German Defence Chief Warns Europe Against ‘Detaching From America’ & NATO in Wake of Afghan Debacle

Following the unexpected 15 August collapse of the Afghan government and defence forces, European nations led by France began pushing for more “strategic autonomy” for the continent militarily from the US-dominated North Atlantic Alliance, and began talking again about the creation of a separate “European army.”
Sputnik
German Defence Minister Annegret Kramp-Karrenbauer has criticised European officials and governments pushing for European defence integration, stressing that the bloc could not defend itself independently against its potential adversaries without American help.
In a thinly veiled attack against French President Emmanuel Macron, EU foreign affairs chief Josep Borrell and others who have recently brought up the need for more “sovereignty” and “autonomy” for Europe on defence matters, Kramp-Karrenbauer told Politico Thursday that if these words mean “detaching ourselves from America, then I think that is the wrong way to go.”
“There is a lot of talk about European autonomy, or sovereignty, or – as I prefer to call it – more ability to act from the European Union in security and defence.

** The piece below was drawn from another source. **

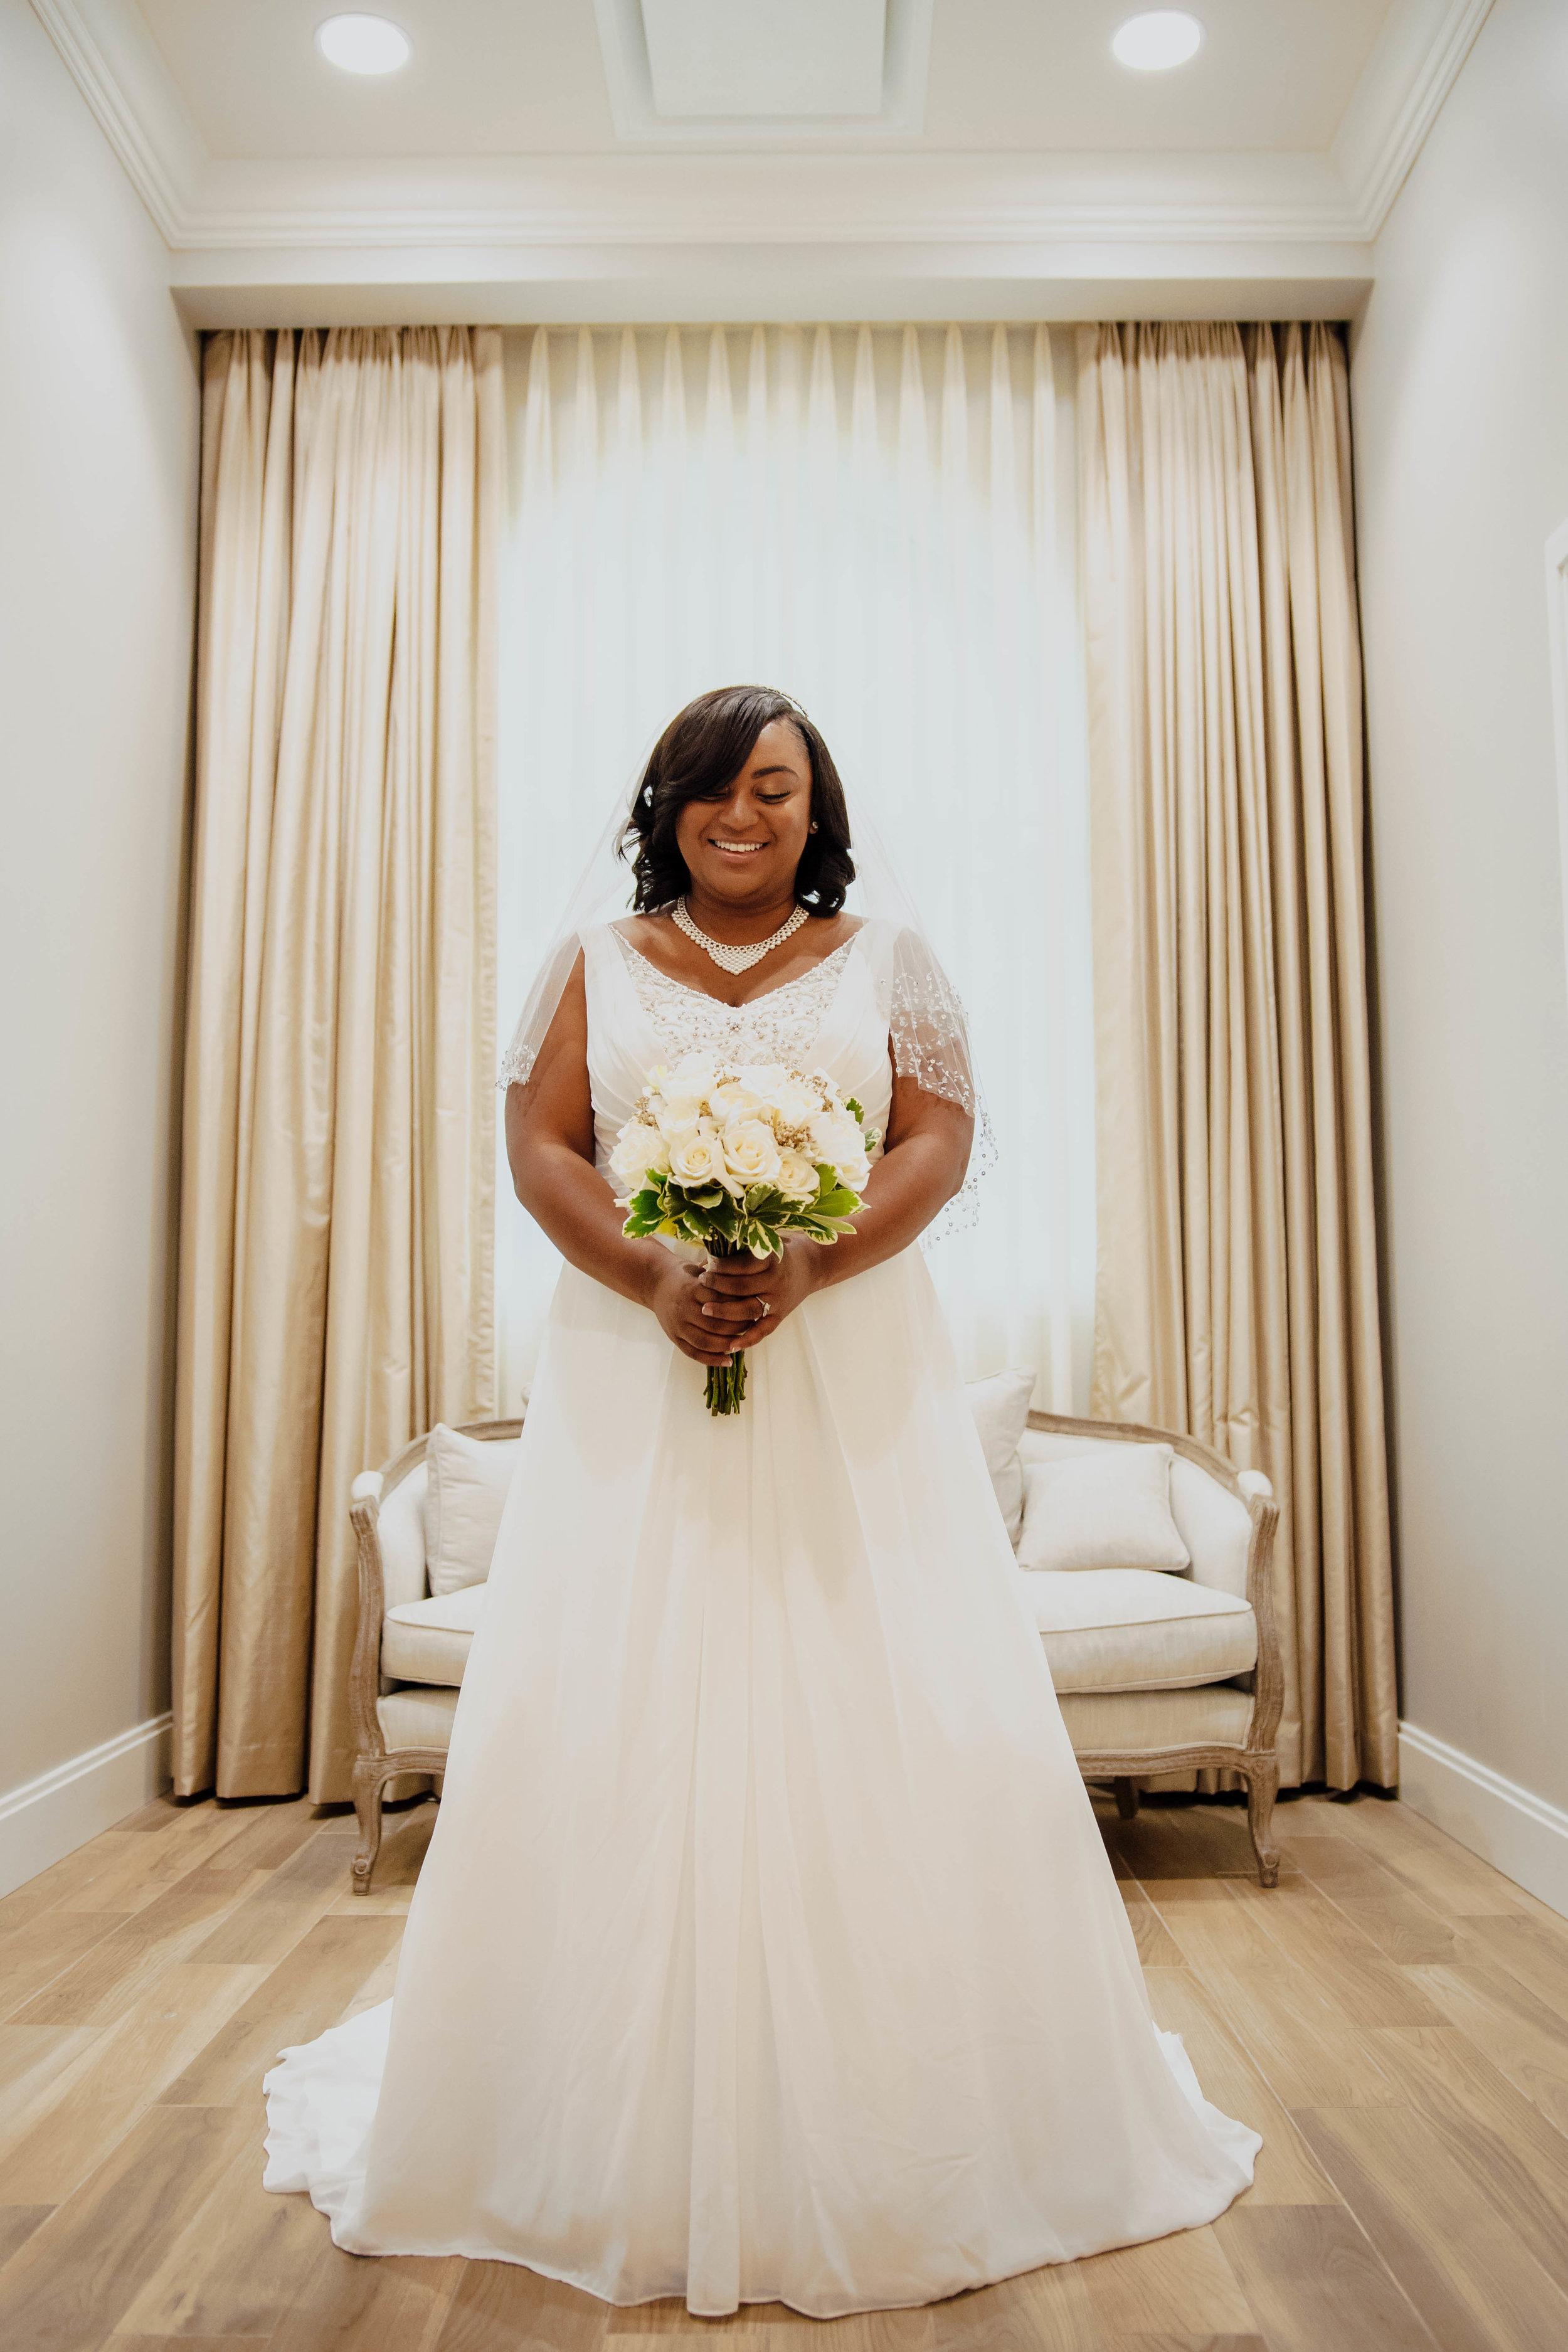 McNeile_Photography_Wedding_Tampa23.jpg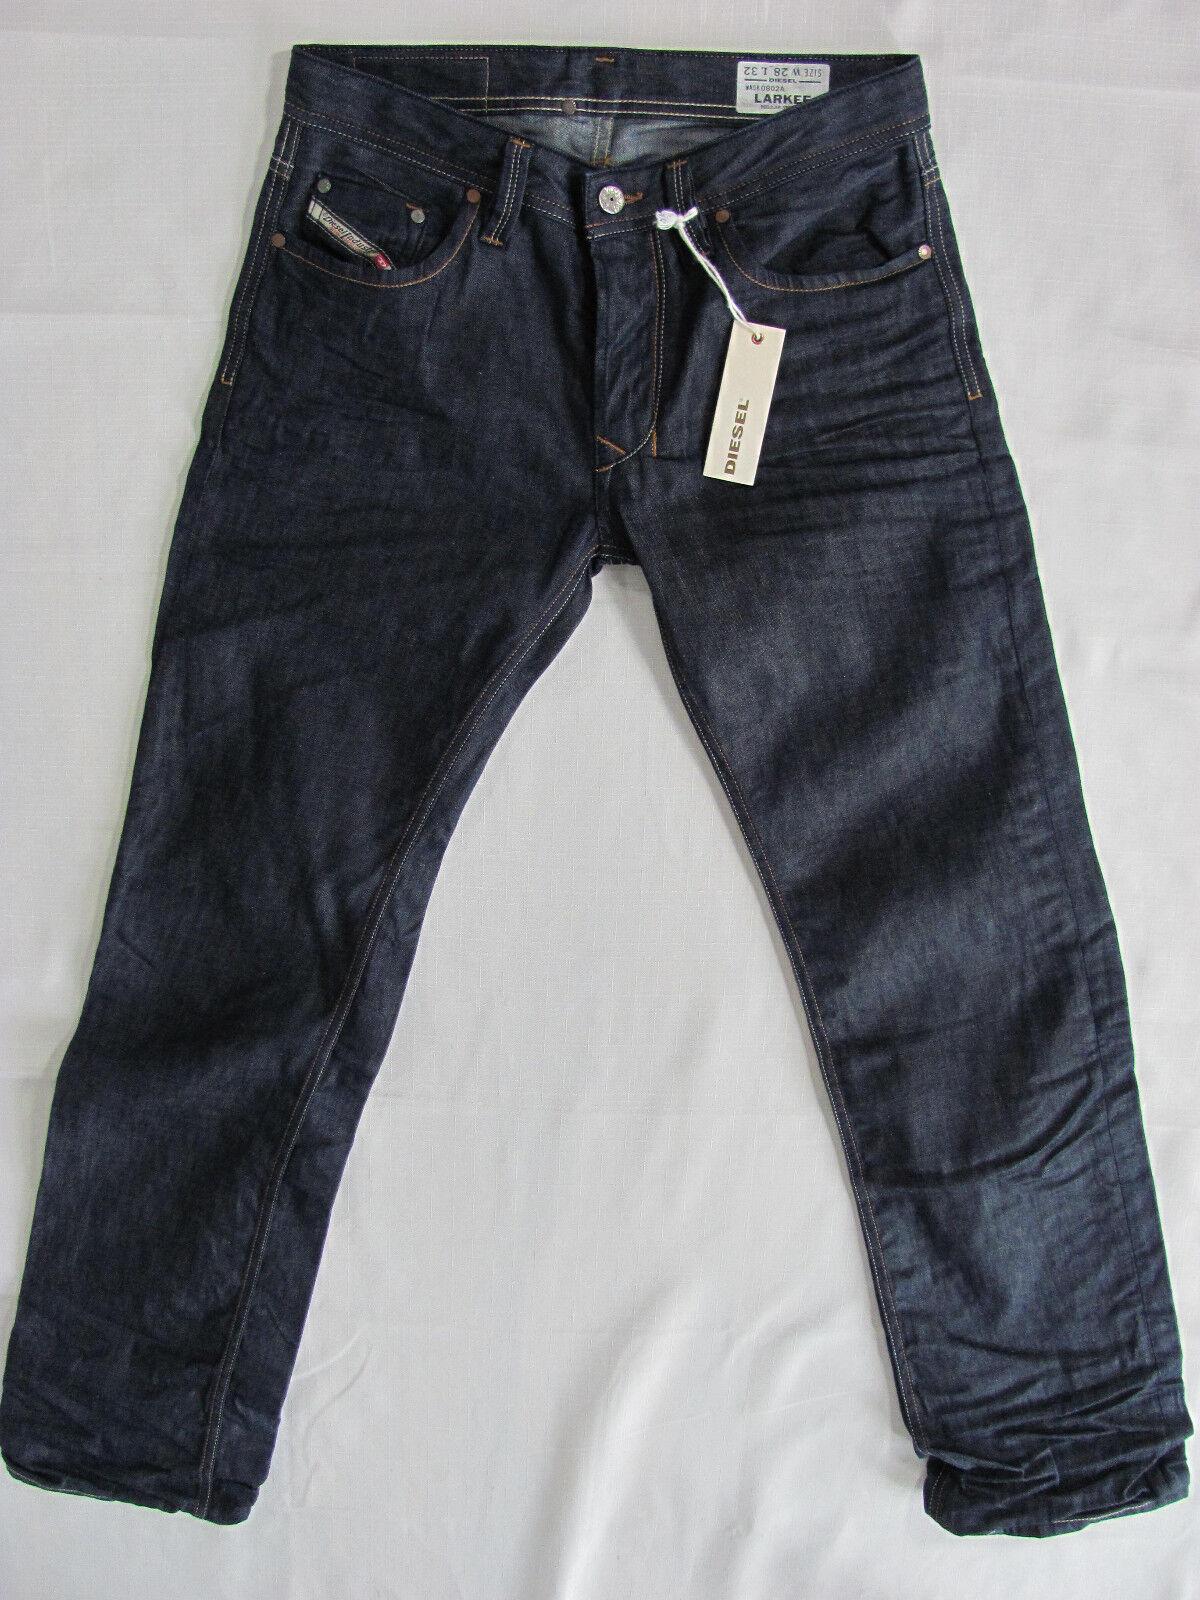 5b4c1eea Men's Diesel Larkee Regular Straight Jeans - Wash 0802a -size 28 for ...

People are asking why we were not in a position to hold the Kabul airport ourselves,” Kramp-Karrenbauer said. “We have to say quite openly: without the capabilities of the Americans, we, as Europeans, would not have been able to do that,” she added, referring to the chaotic evacuation of Kabul.
Discussing the recent conflict between France, the US, the UK and Australia over the AUKUS security pact, which robbed Paris of a submarine contract worth over $65 billion, Kramp-Karrenbauer defended the agreement as a “bilateral question of armament between two states” and asked France to "get over" its grievances so that the West can jointly tackle China.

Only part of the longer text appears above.